** Opening Data block **

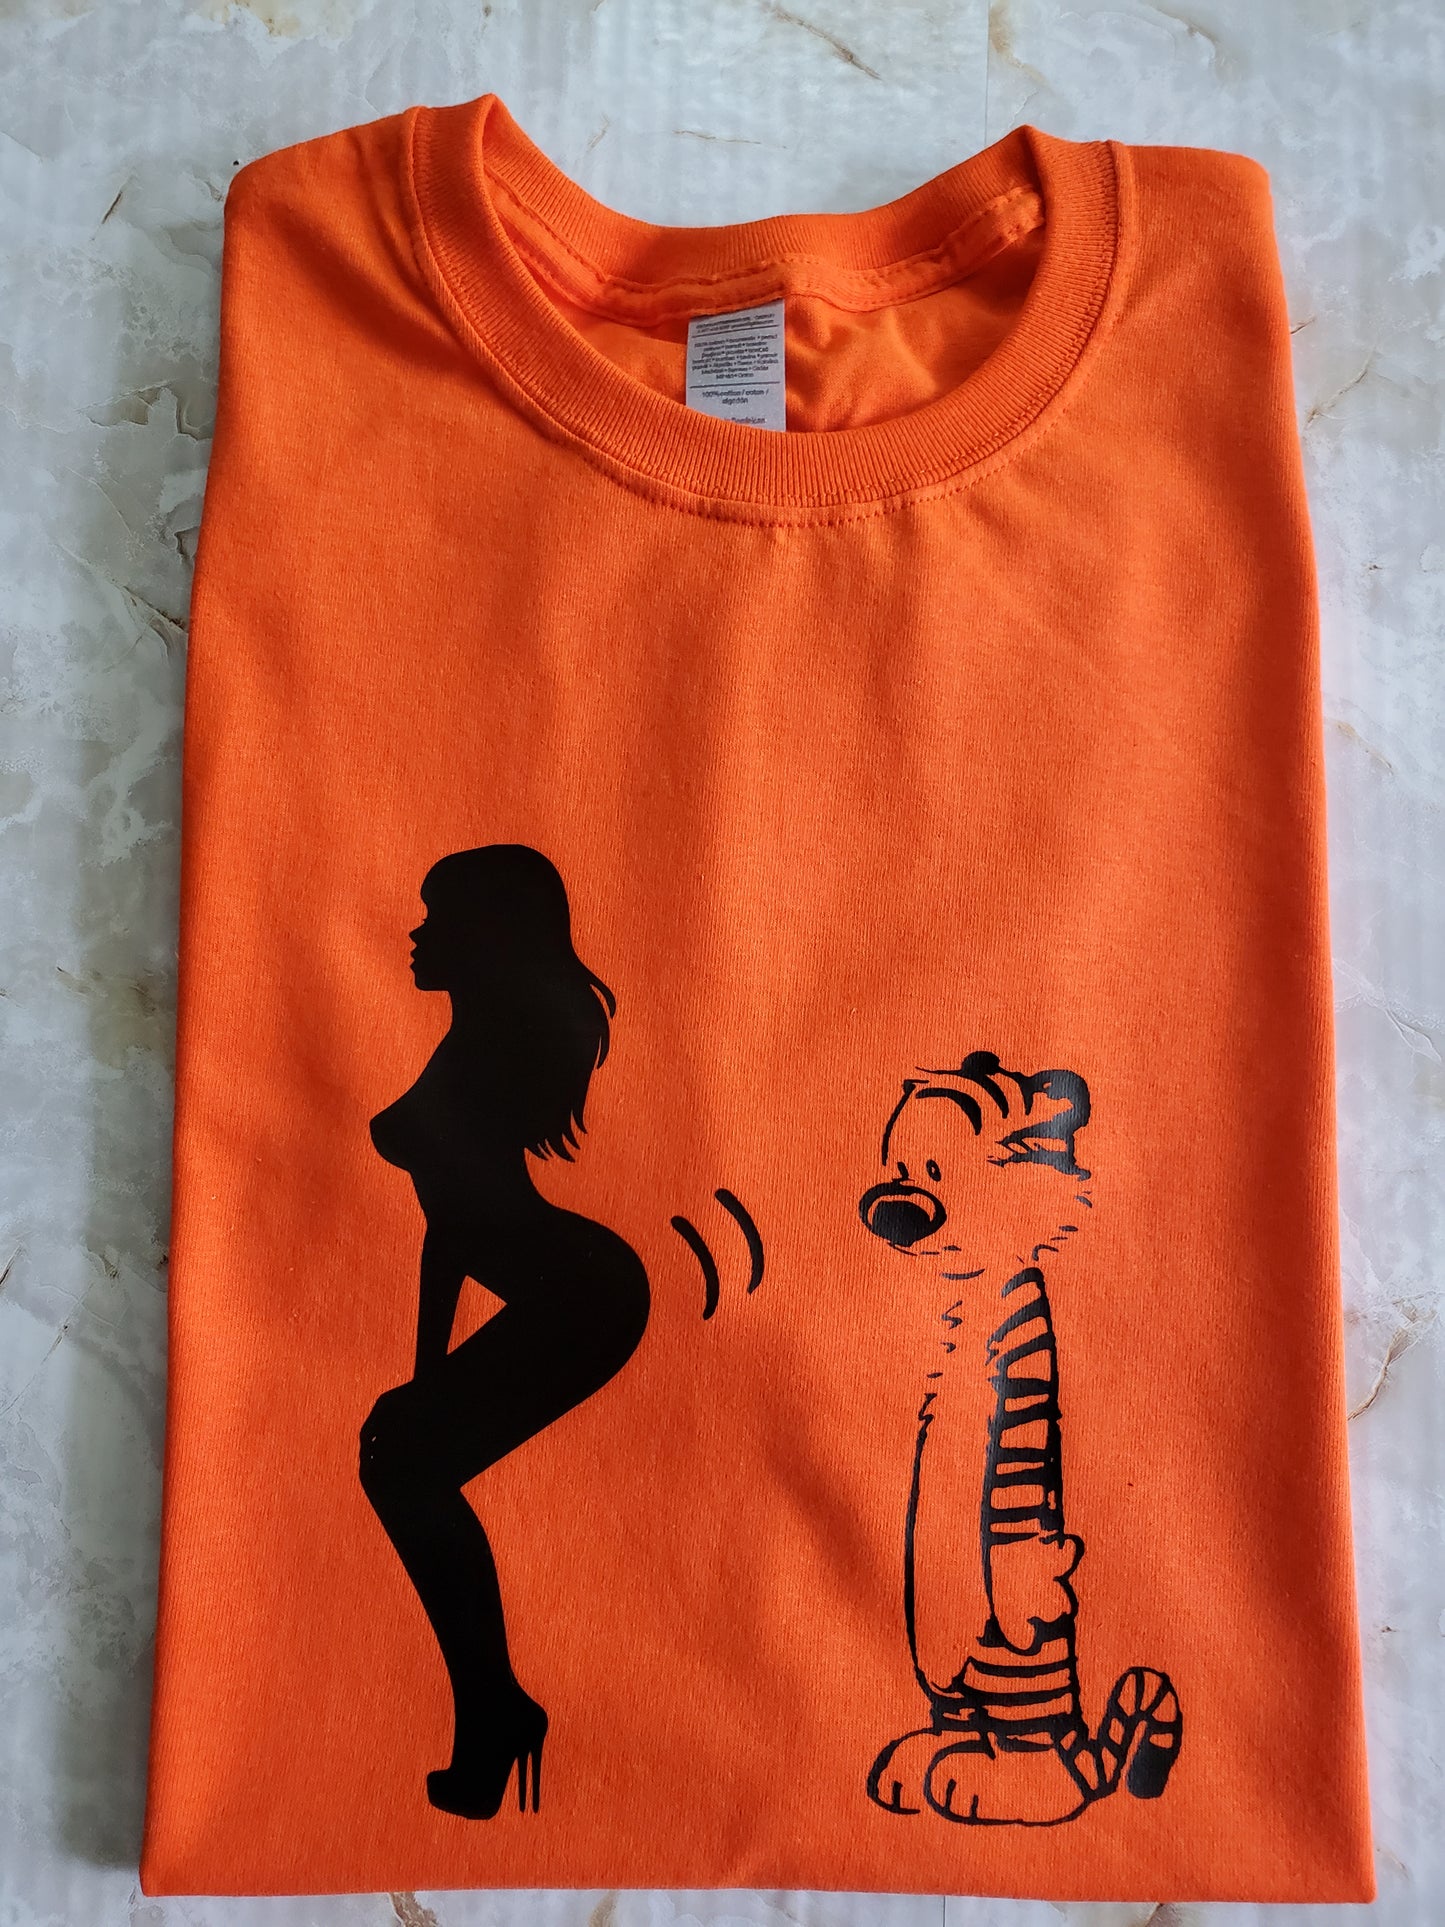 Twerk Som' Hobbes T-Shirt (Orange) - Centre Ave Clothing Co.
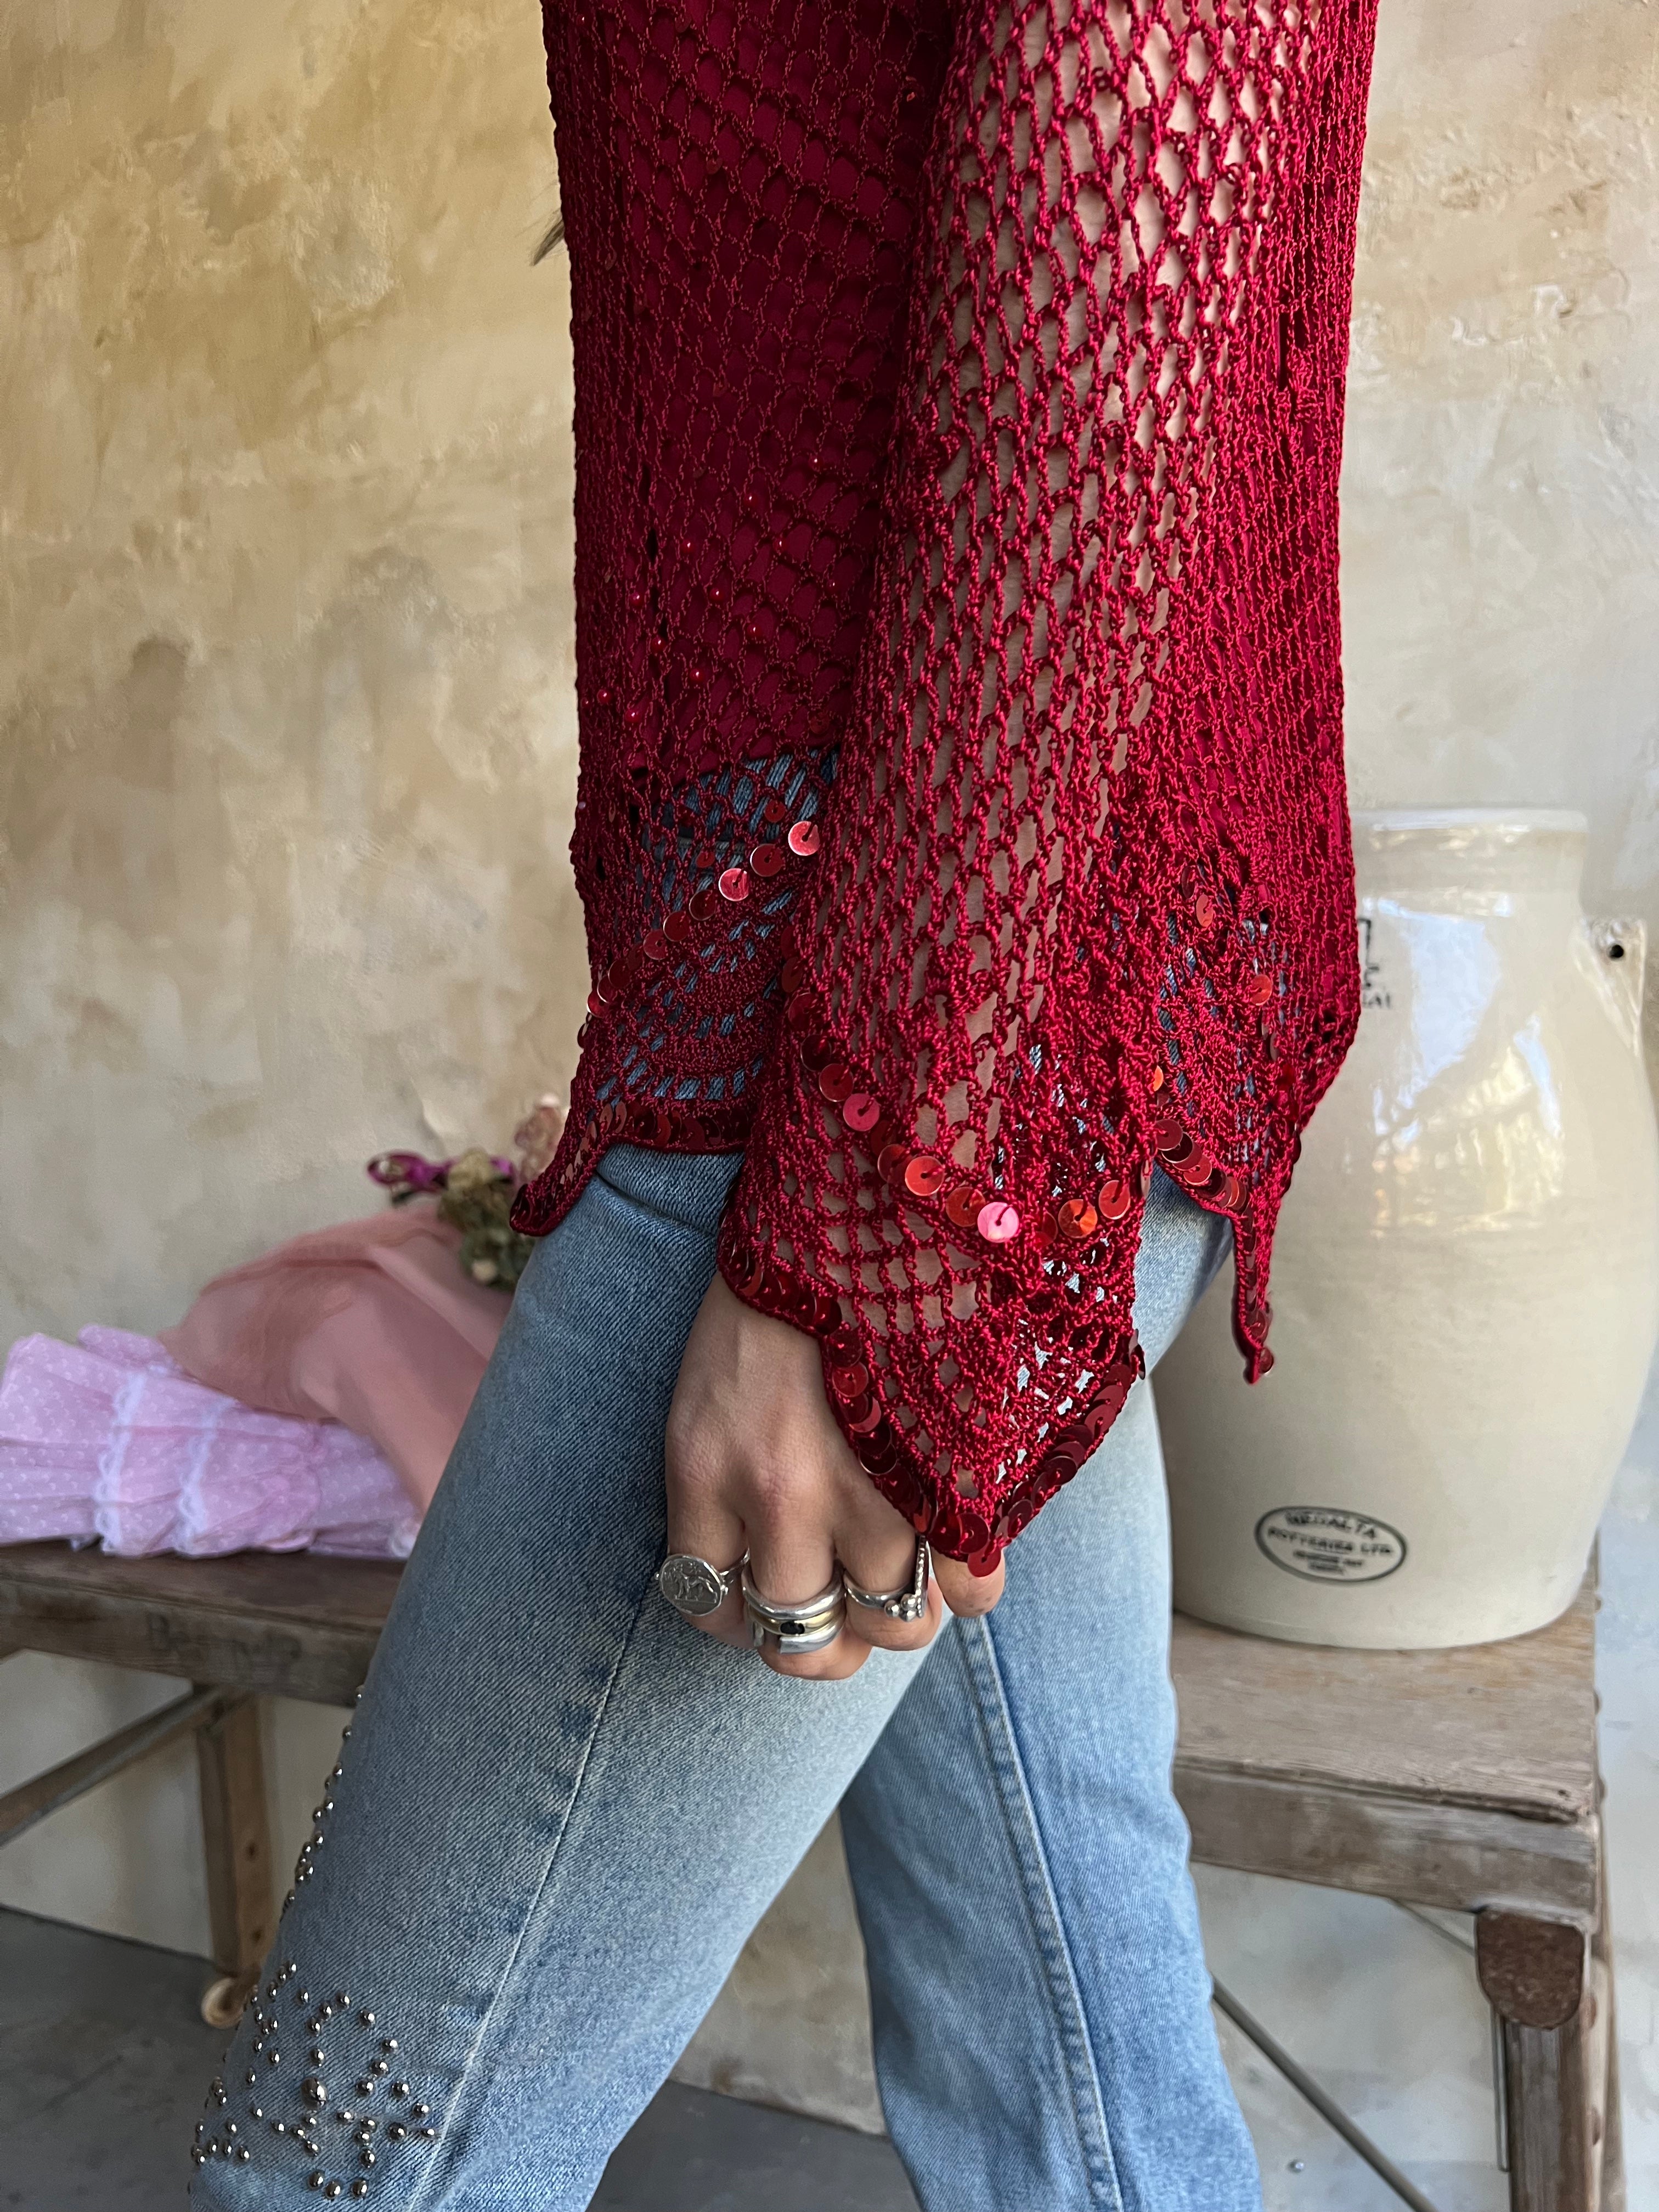 Red Sequin Long-sleeve Crochet Top
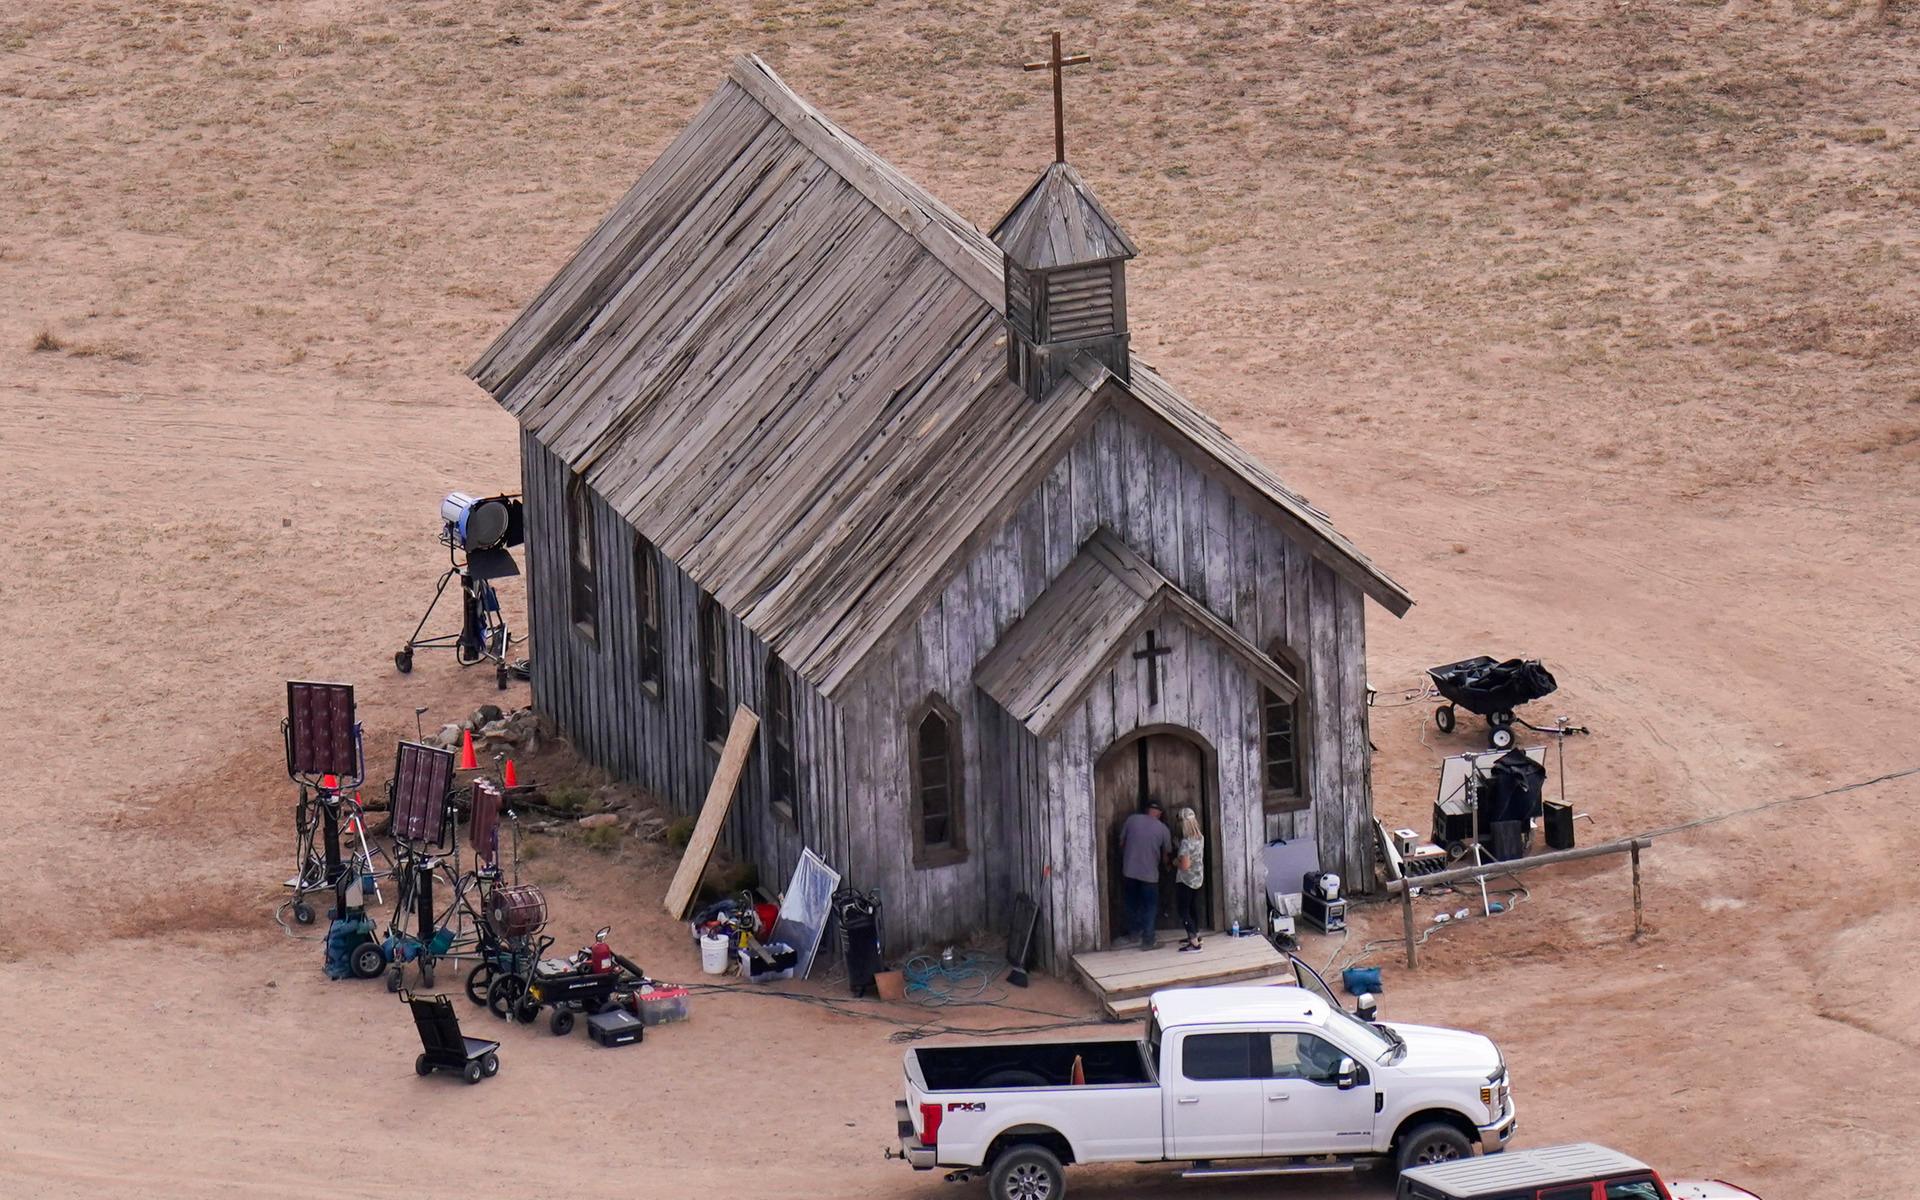 Den kyrka skjutningen inträffade i. ”Rust” är en västernfilm som utspelar sig på sent 1800-tal.

** Closing Data block **

Description of the task:
All of the data above must be printed exactly, minus its pictures.

Answer section:
 Twerk Som' Hobbes T-Shirt (Orange) - Centre Ave Clothing Co.
 Red Sequin Long-sleeve Crochet Top
 Den kyrka skjutningen inträffade i. ”Rust” är en västernfilm som utspelar sig på sent 1800-tal.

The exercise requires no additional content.